▸ **TASK OBJECTIVE**:
Pictures are to be left out; otherwise, copy exactly the lines from the line containing "abstrakt sum Profet" through the end of the data.

▸ **GIVEN MATERIAL**:
══════════════════════════════

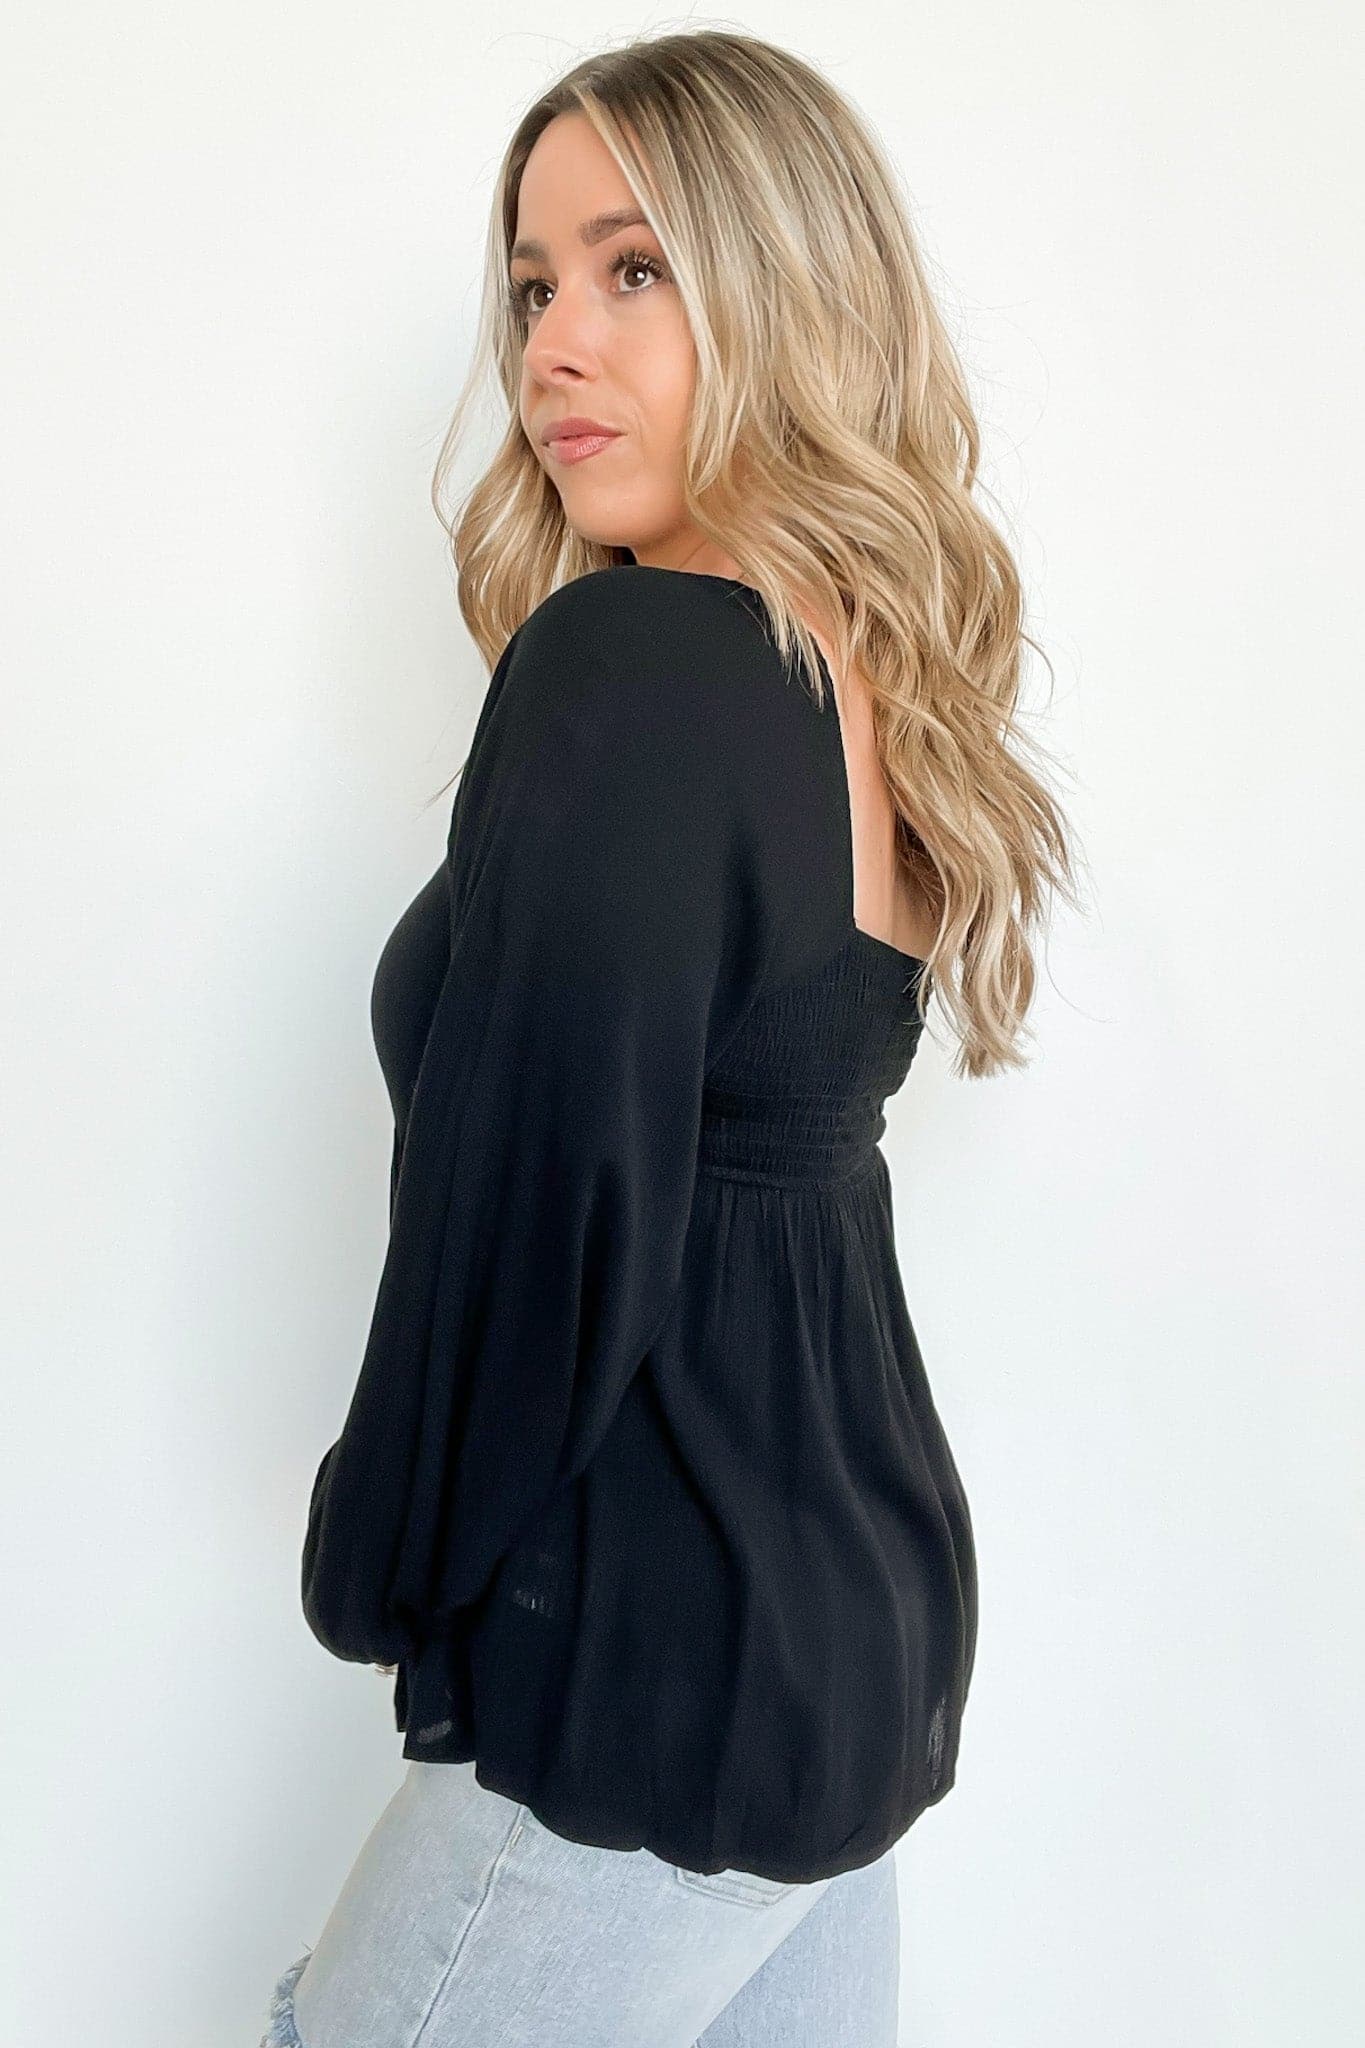  Luannie Flowy Peasant Top - FINAL SALE - Madison and Mallory
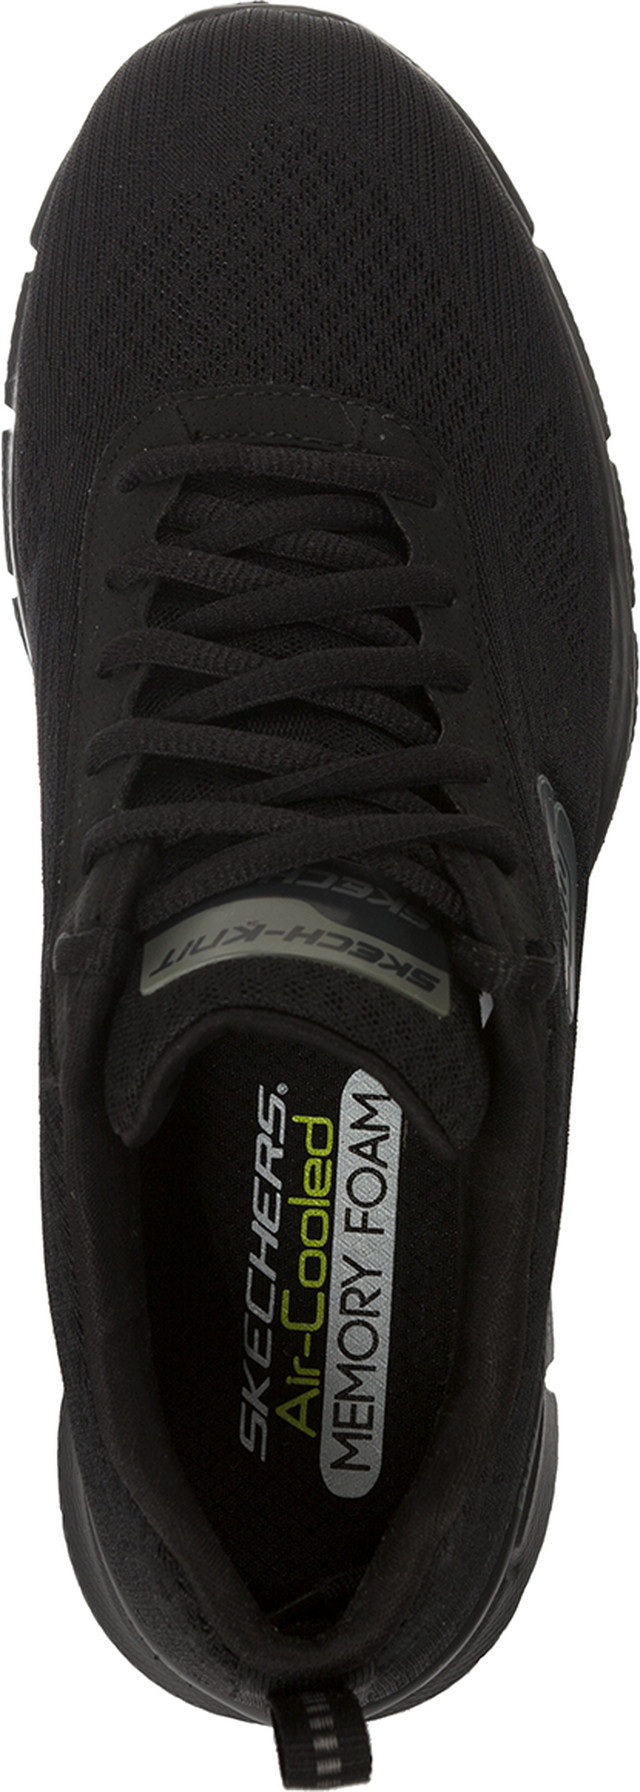 abstrakt sum Profet Skechers Air Cooled Memory Foam Opinie Online Sale, UP TO 70% OFF
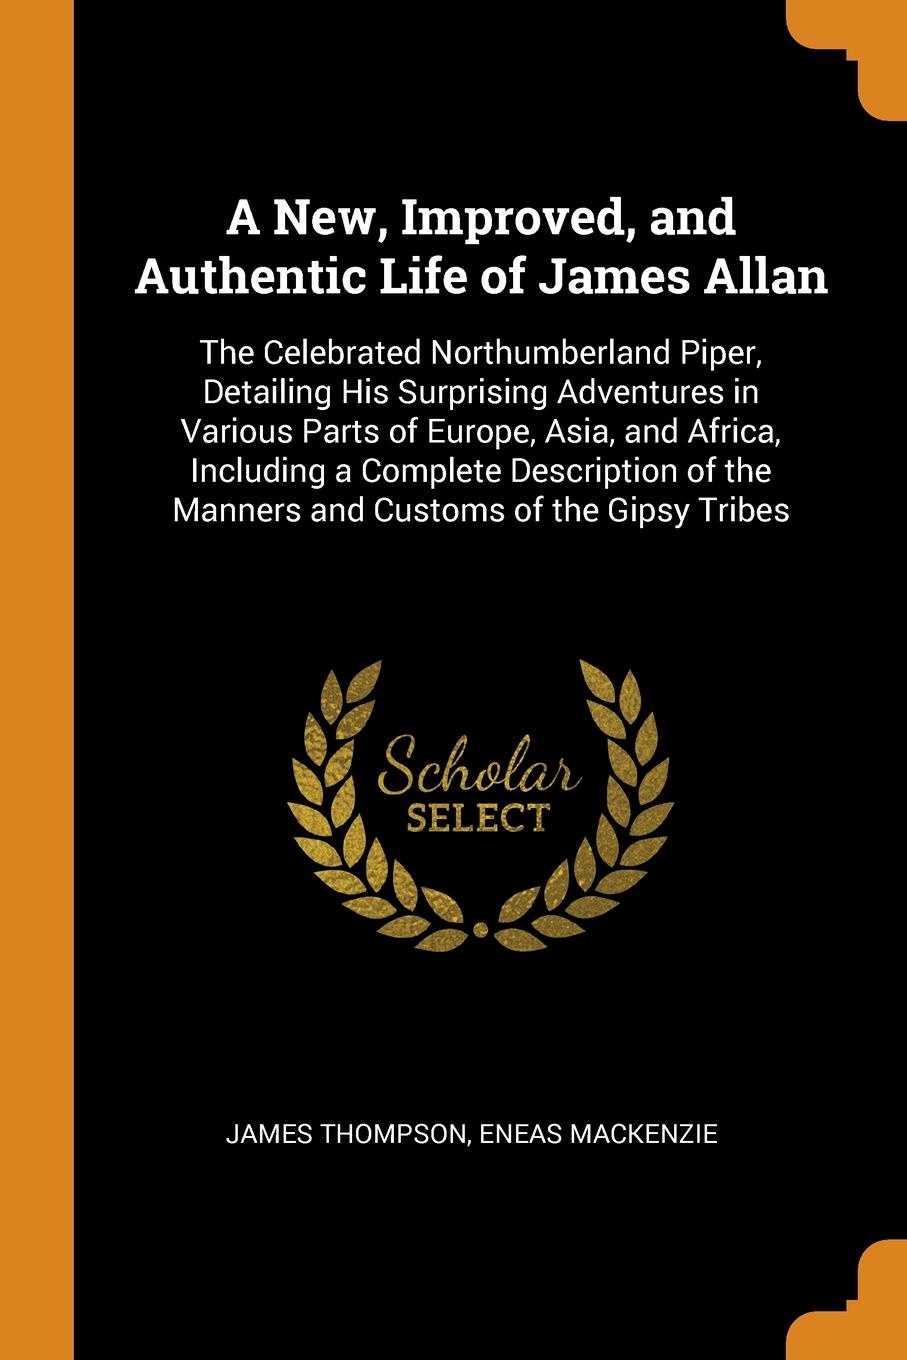 A New, Improved, and Authentic Life of James Allan. The Celebrated Northumberland Piper, Detailing His Surprising Adventures in Various Parts of Europe, Asia, and Africa, Including a Complete Description of the Manners and Customs of the Gipsy Tribes

══════════════════════════════

▸ **RESPONSE FOR THIS EXERCISE**:
 abstrakt sum Profet Skechers Air Cooled Memory Foam Opinie Online Sale, UP TO 70% OFF
 A New, Improved, and Authentic Life of James Allan. The Celebrated Northumberland Piper, Detailing His Surprising Adventures in Various Parts of Europe, Asia, and Africa, Including a Complete Description of the Manners and Customs of the Gipsy Tribes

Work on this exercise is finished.